Le Miroir du Temps
Après deux romans en 1996 et 1997 (Planète des vents et Huis clones) Jean-Michel Calvez s’est pendant presque une décennie consacré aux nouvelles qu’il semait ça et là dans différentes anthologies. Des nouvelles qui lui ont d’ailleurs valu deux nominations pour des prix littéraires (le Masterton en 2002 et le Grand Prix de l’Imaginaire en 2007). 2006 a été l’année du retour au roman pour cet ingénieur en constructions navales avec La Boucle d’Octobre chez Rivière Blanche. Depuis, les vents de l’édition semblent avoir tourné et il enchaîne les nouveaux livres. Panique au quartier latin chez Gisserot et STYx chez Glyphe ont suivi jusqu’à ce Miroir du Temps aux éditions l’Atelier de la Presse.
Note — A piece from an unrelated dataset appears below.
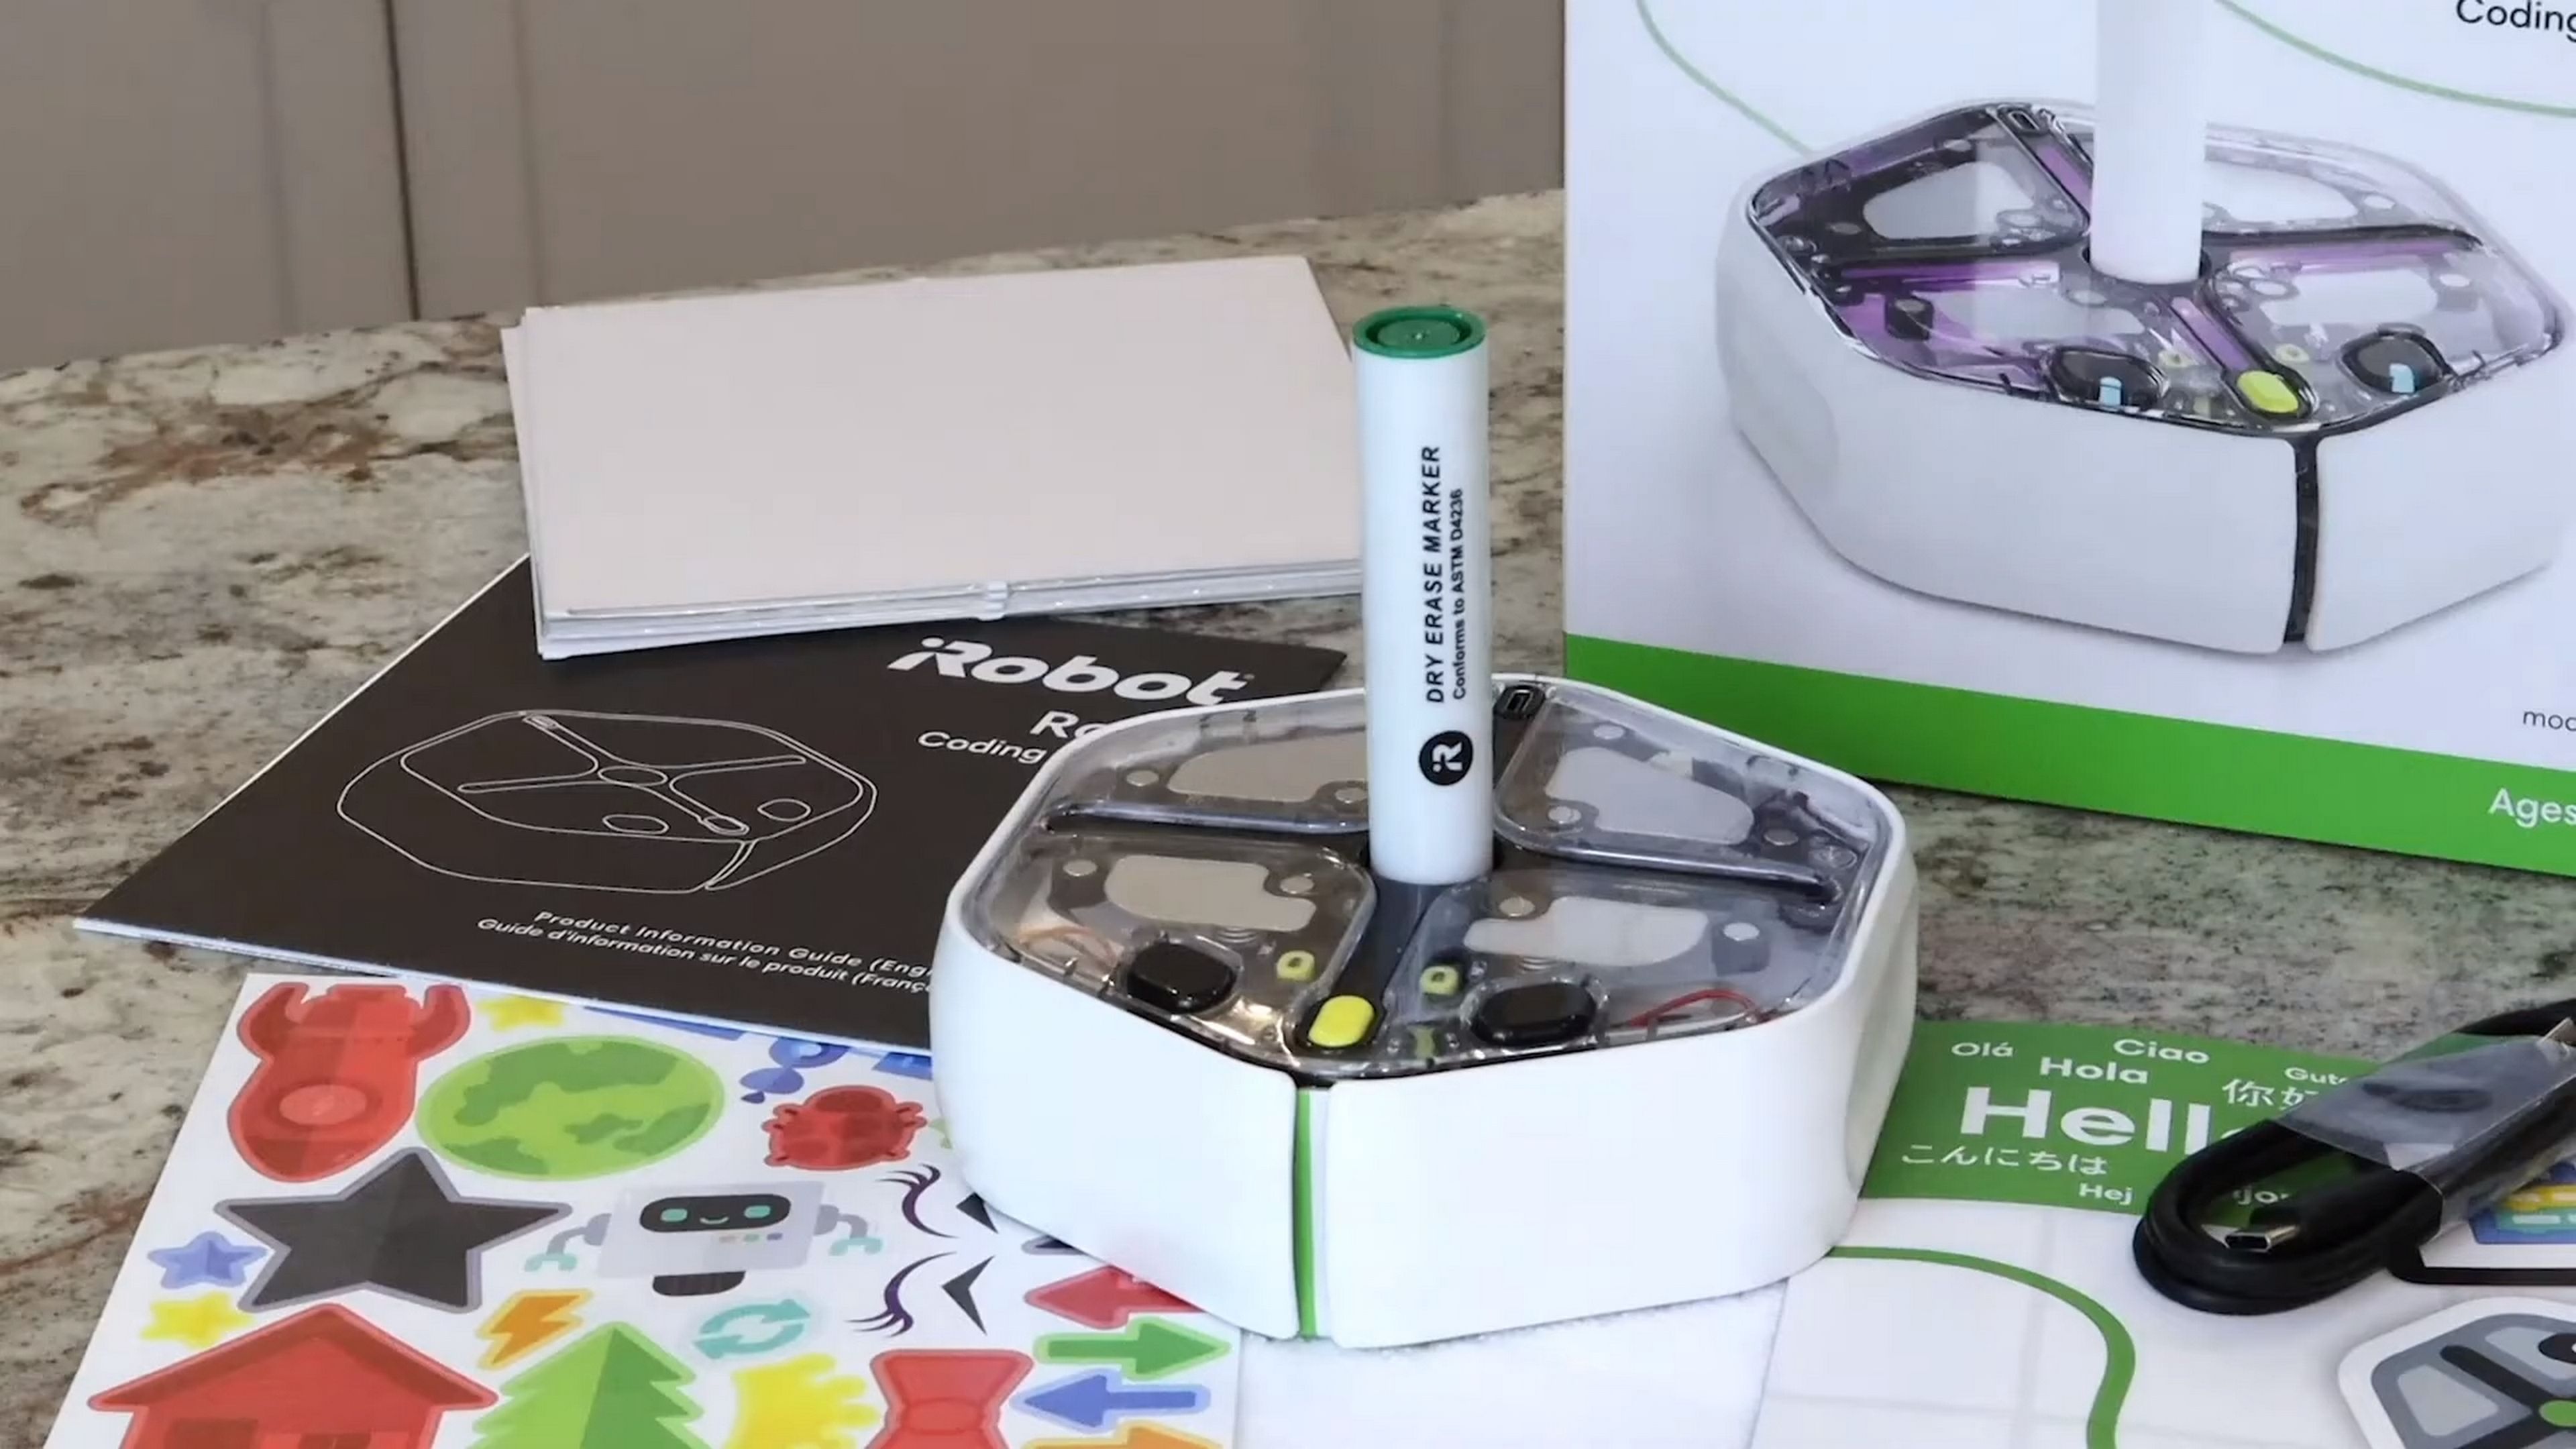 El fabricante de los robots aspirador Roomba lanza un robot educativo para aprender a programar

Un miroir parfait en plein espace
Alors qu’ils travaillent sur la propagation de la lumière, Väinö et son assistant Heini sont contactés par une équipe d’astronomes pour collaborer avec eux. Ils ont découvert une planète qui possède l’étrange propriété d’avoir une surface de glace formant un miroir parfait. Un miroir qui pourrait refléter une image de la Terre telle qu’elle était il y a mille ans. Mais pour saisir cette image, ils ont besoin des deux spécialistes en optique. D’autant que les deux hommes viennent de faire une étrange découverte dans la propagation de la lumière...
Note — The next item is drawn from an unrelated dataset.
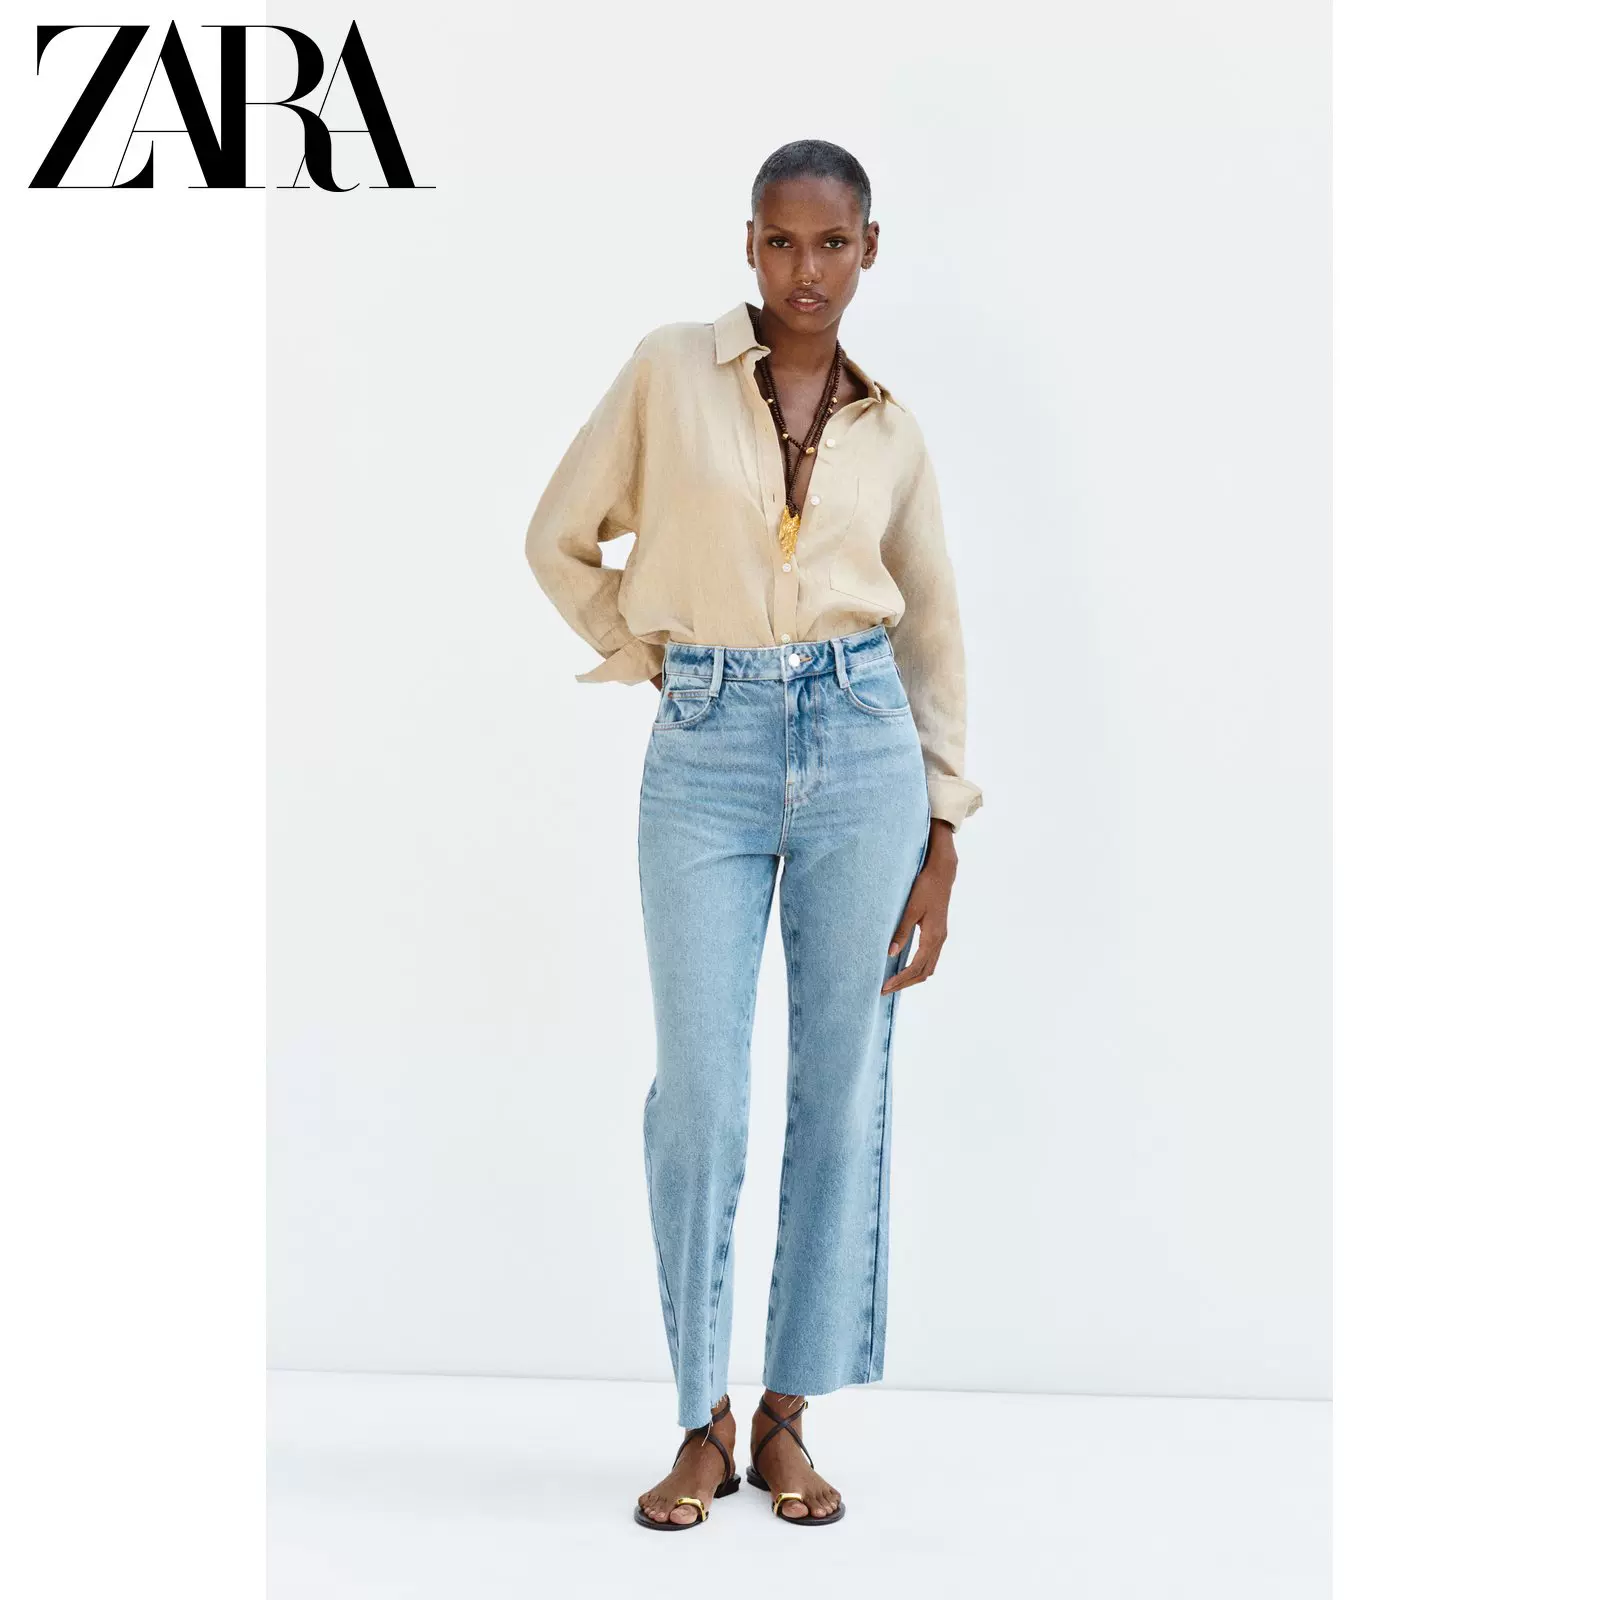 ZARA新款女装Z1975 高腰直筒及踝牛仔裤6164153 427-Taobao

Hard science et belle idée
Avec ce roman dont les héros sont des scientifiques qui manipulent des concepts pas toujours évidents, Jean-Michel Calvez nous propose un récit à la limite de la hard science, faisant preuve de pédagogie pour nous permettre de tout suivre, n’hésitant pas à livrer des pages d’explications. Dans le même temps, les deux idées principales sur lesquelles il s’appuie semblent assez simples. Trop peut-être. Pour ne parler que de celle du « miroir » qu’offre cette planète au fin fond de l’univers, elle est tout bonnement incroyable. On est un peu incrédule à l’idée de trouver une telle planète loin dans l’espace. Et on l’est encore plus lorsqu’il s’agit pour les scientifiques de ramener une image nette de ce passé de la Terre. Cela semble tellement impossible aujourd’hui que même en y ajoutant une bonne dose de science-fiction autour de l’avancée technologique de l’optique et de l'astronomie, Jean-Michel Calvez a du mal à nous convaincre de la crédibilité de la chose. Évidemment, c’est le genre de défaut qui nous laisse à la porte du roman.
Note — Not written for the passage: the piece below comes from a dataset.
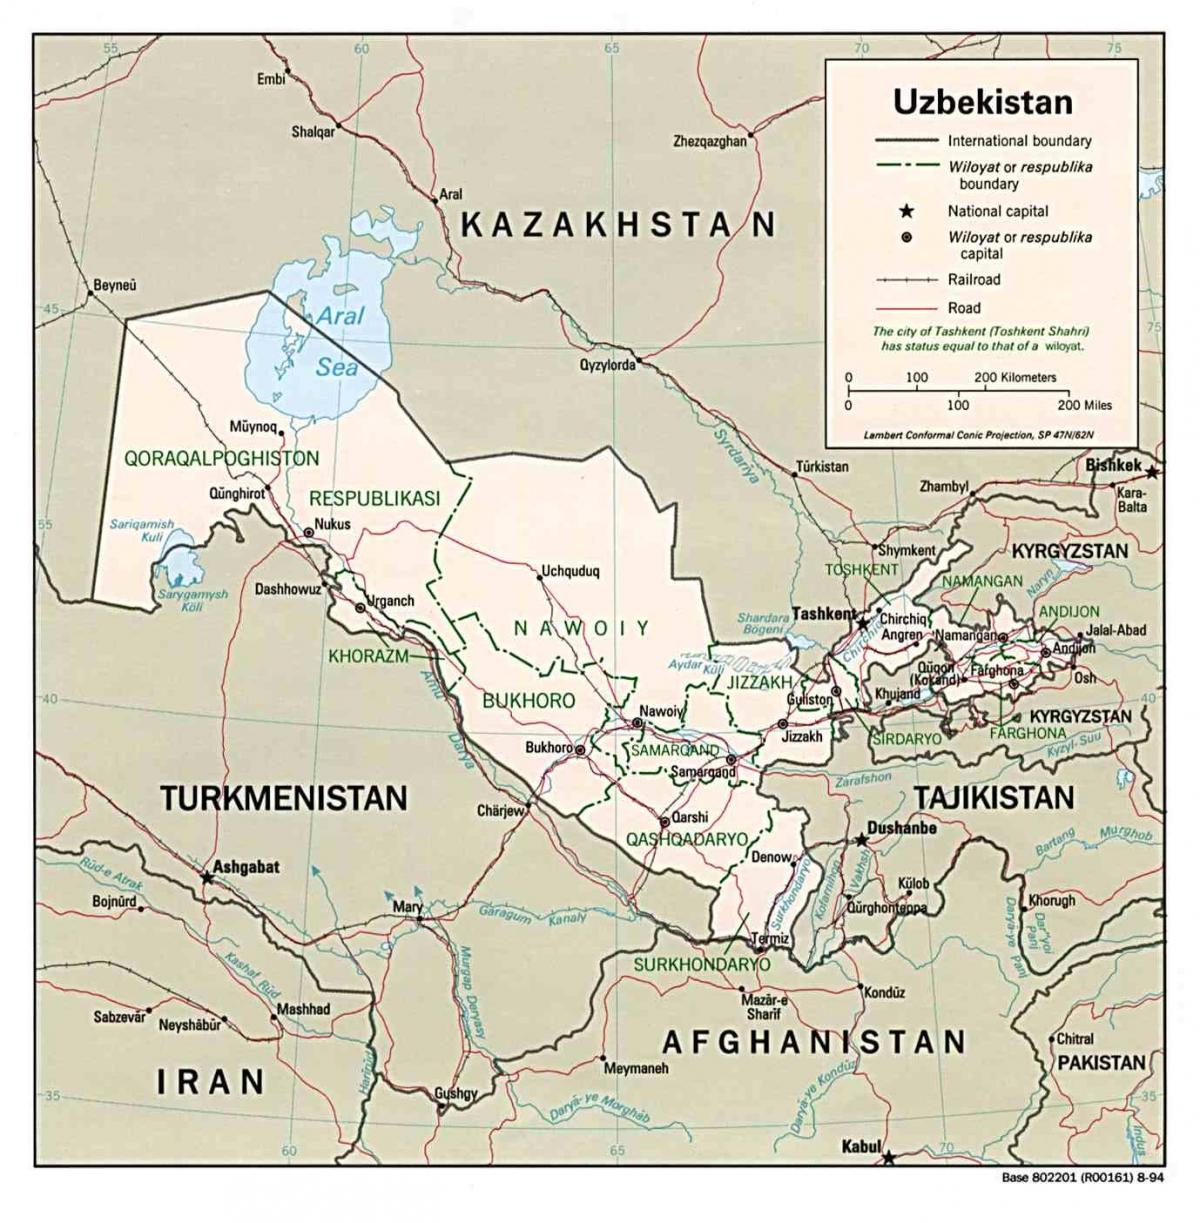 नक्शा उजबेकिस्तान आसपास के देशों

Et pourtant Le Miroir du temps n’est pas dénué de qualités. D’abord si on passe outre notre incrédulité de lecteur blasé, l’idée d’observer la Terre à un millénaire de distance est quand même séduisante. Ensuite l’auteur a semé au fil de son récit des chapitres se déroulant dans le passé, se permettant même de jouer avec des personnages historiques pour nous délivrer des chapitres qui sont autant de respirations dans le récit. Cela marche d’ailleurs particulièrement bien lorsqu’il met en scène une discussion entre Léonard de Vinci et François Ier. Enfin, s’il est un peu lisse, le personnage de Väinö est intéressant dans ses attitudes de recherches et de doutes, que ces derniers soient scientifiques ou éthiques.
Jean-Michel Calvez est un auteur prometteur. S’il a déjà fait ses preuves dans le domaine de la nouvelle (d’ailleurs il était à nos yeux un candidat sérieux pour le Grand Prix de l’Imaginaire), il lui manque encore un petit quelque chose pour exploser au niveau du roman. Le Miroir du Temps en est la preuve. On sent qu’il a une vraie fibre de conteur qui s’émerveille lui-même des idées qu’il avance mais il rate la marche encore de peu. Nul doute qu’il va trouver dans les prochaines années le bon dosage et s’affirmer comme un auteur « incontournable ». Pour l’heure on se contentera de dire qu’il est un auteur « à suivre » et que ce roman est une nouvelle fois plein de promesses pour l’avenir mais pas complètement convaincant pour lui-même.